CARES is a newly developed ENRESSH initiative focused on Early Career Investigators ( approx. <8 years from PhD completion) and how they deal with societal impact. The purpose of CARES is to develop fair and improved routes for developing societal impact during the first years of the scientific career of social sciences and humanities’ researchers. In 2018, there has been a substantive data gathering exercise on how early career researchers respond to the challenges raised by impact in their career development, and the purpose of these STSMs is to advance our knowledge by analysing this data along one of more of the following themes:
- Hierarchies, disciplinary norms and power in academia: impact as emancipation or tension?

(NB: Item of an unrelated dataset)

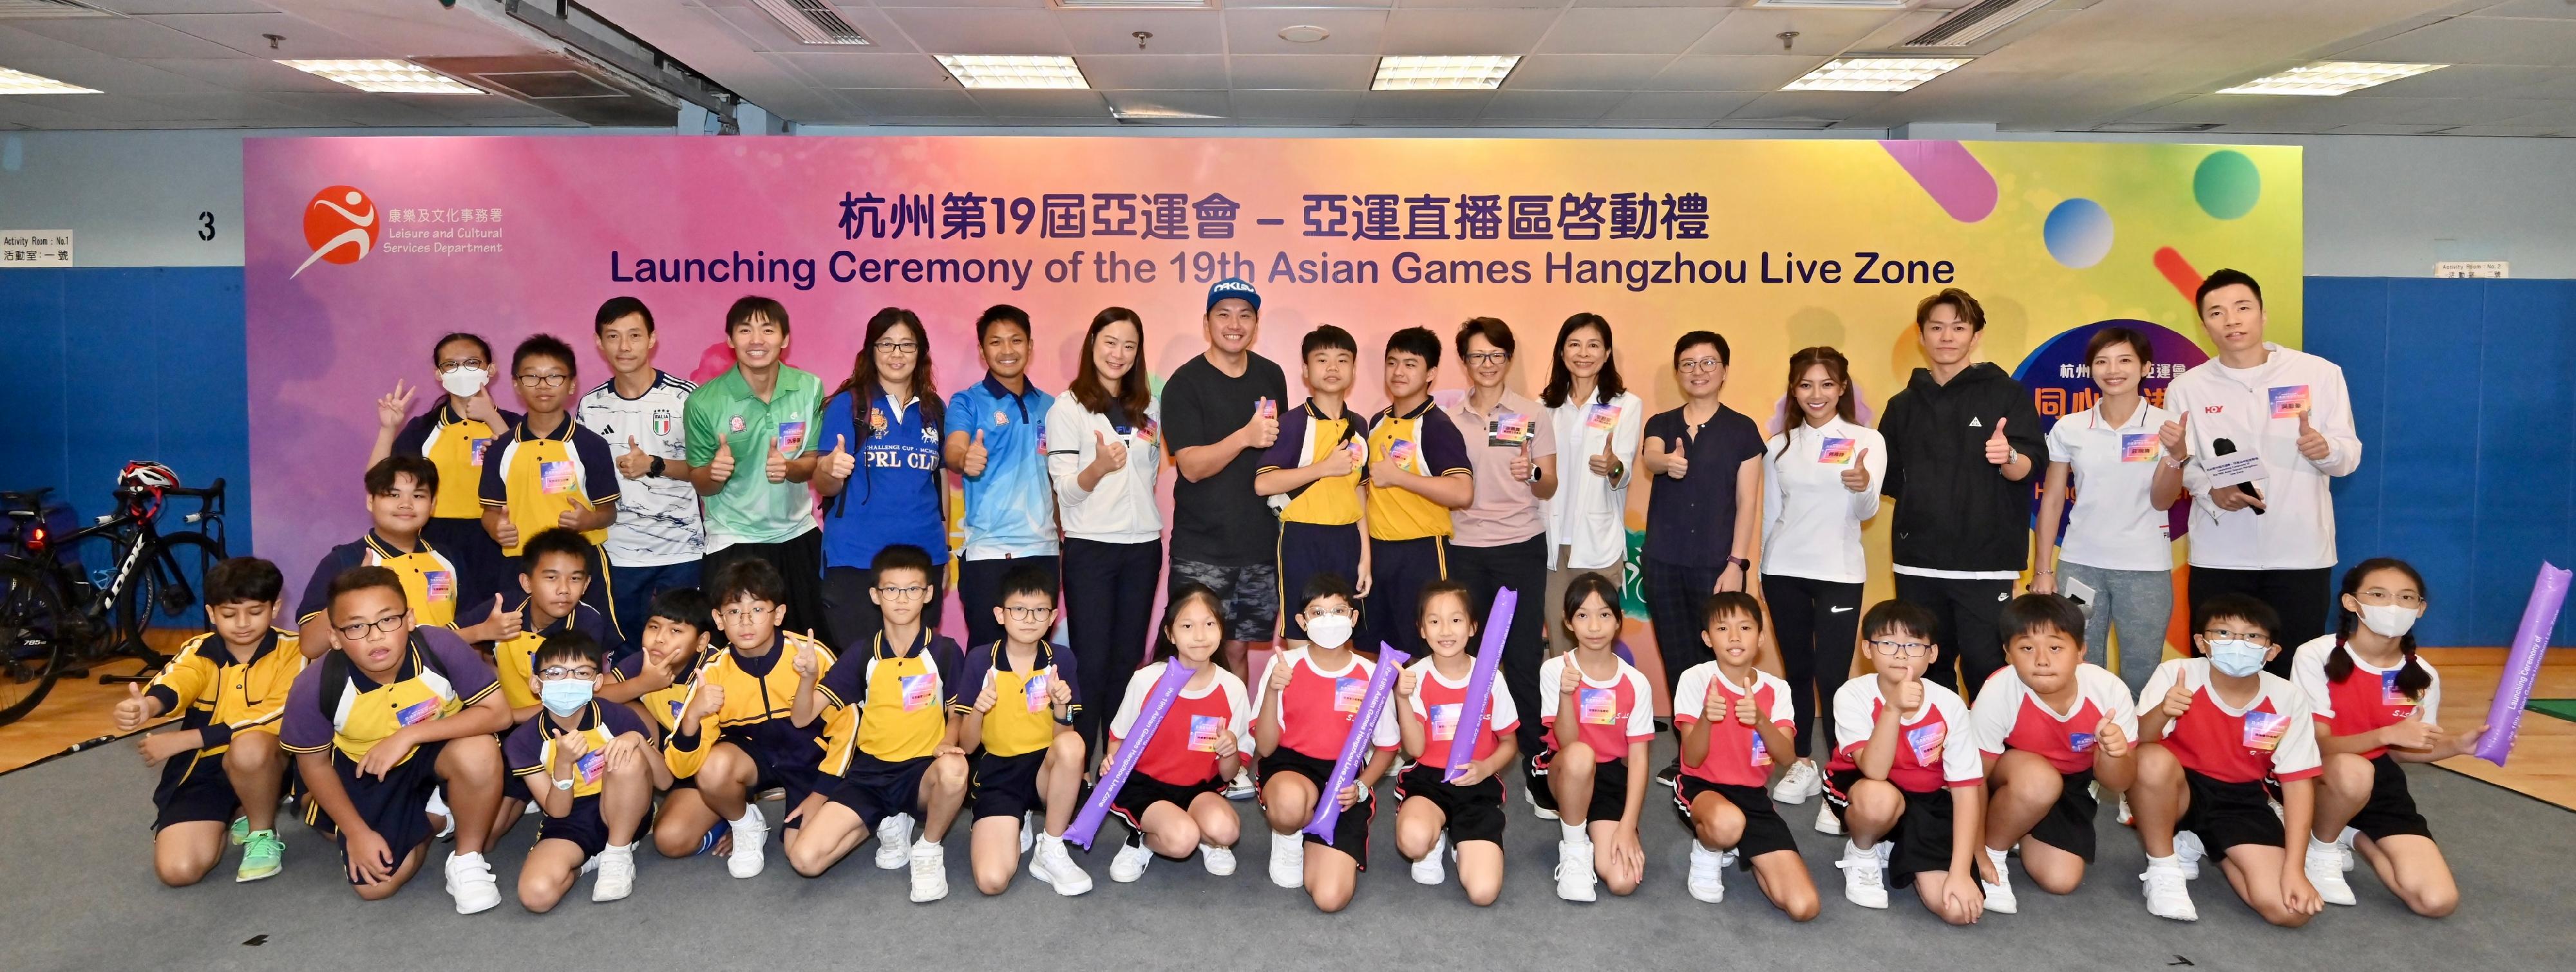 The Leisure and Cultural Services Department held the "Launching Ceremony of the 19th Asian Games Hangzhou Live Zone" at the Secondary Hall of the Kowloon Park Sports Centre today (September 23). Photo shows the Acting Director of Leisure and Cultural Services, Miss Winnie Chui (back row, seventh right); the Assistant Director of Leisure and Cultural Services (Leisure Services)2, Ms Olivia Cheung (back row, sixth right) , with other guests and students at the ceremony.

- Incentives for impact creation: formal and informal steering by evaluation systems
- The consequences of impact evaluation for ESIs’ motivations or identities
- The diversity of impact evaluation and academic careers: accounting for local context
Description of the topic:
The creation of societal impact from research activities is an increasingly important component of what is considered to be good science, and increasing emphasis is being placed in scientific training upon encouraging early career investigators to be more positively oriented towards impact generation. But at the same time ECIs are subject to a wide range of pressures that may serve to undermine the value of impact to them as they develop their careers. This may come through a focus on very limited kinds of impacts such as creation of spin-off companies or patents, institutional or systemic progression mechanisms in which impact is invisible with reference to teaching and research, or simply the absence of time to create meaningful impacts. Better equipping ECIs to create impact requires as much addressing these structural pressures as in fine-tuning impact evaluations, and this STSM will participate in a pilot study seeking to identify the top level dimensions of contextual issues for ECIs seeking to create impact generation.
Objectives: This STSM aims to advance the understanding of the contextual conditions of SSH societal impact creation (Task 1 of WG2) as well as to the work of the focus groups within the ENRESSH Special Interest Group for Early Career Investigators (SIG ECI). WG2 and SIG ECI collectively seek to mobilise a debate on the structural conditions of ECIs in SSH and the creation of societal impact, and this STSM is a first step towards identifying the structural barriers that ECIs face in creating societal impact. This STSM builds on WG activities in Ljubljana (July 2018) and Vienna (November 2018). In practical terms, the STSM will analyse a pilot questionnaire completed by a sample of ECIs in Autumn 2018 to produce a report focusing on one or more of the analytic dimensions highlighted above.
Special criteria for this STSM: the applicant has knowledge of the theories, practices and policies for the stimulation of societal impact from SSH research activities. The applicant must also have knowledge of academic careers and science systems or be willing to learn that skill
Results: The proposed STSM will provide an empirical analysis to deepen the initial findings on impacts and career development emerging the focus groups within SIG ECI. This will result in co-authored publications between the host, STSM candidate and other members of the CARES initiative working on that analytic dimension.
Practical details:
Working group: WG2 (Societal Impact of SSH Research)
Duration and timing: between 2 weeks and 2 months, Jan-Feb 2019
Location: CWTS, University of Leiden, the Netherlands.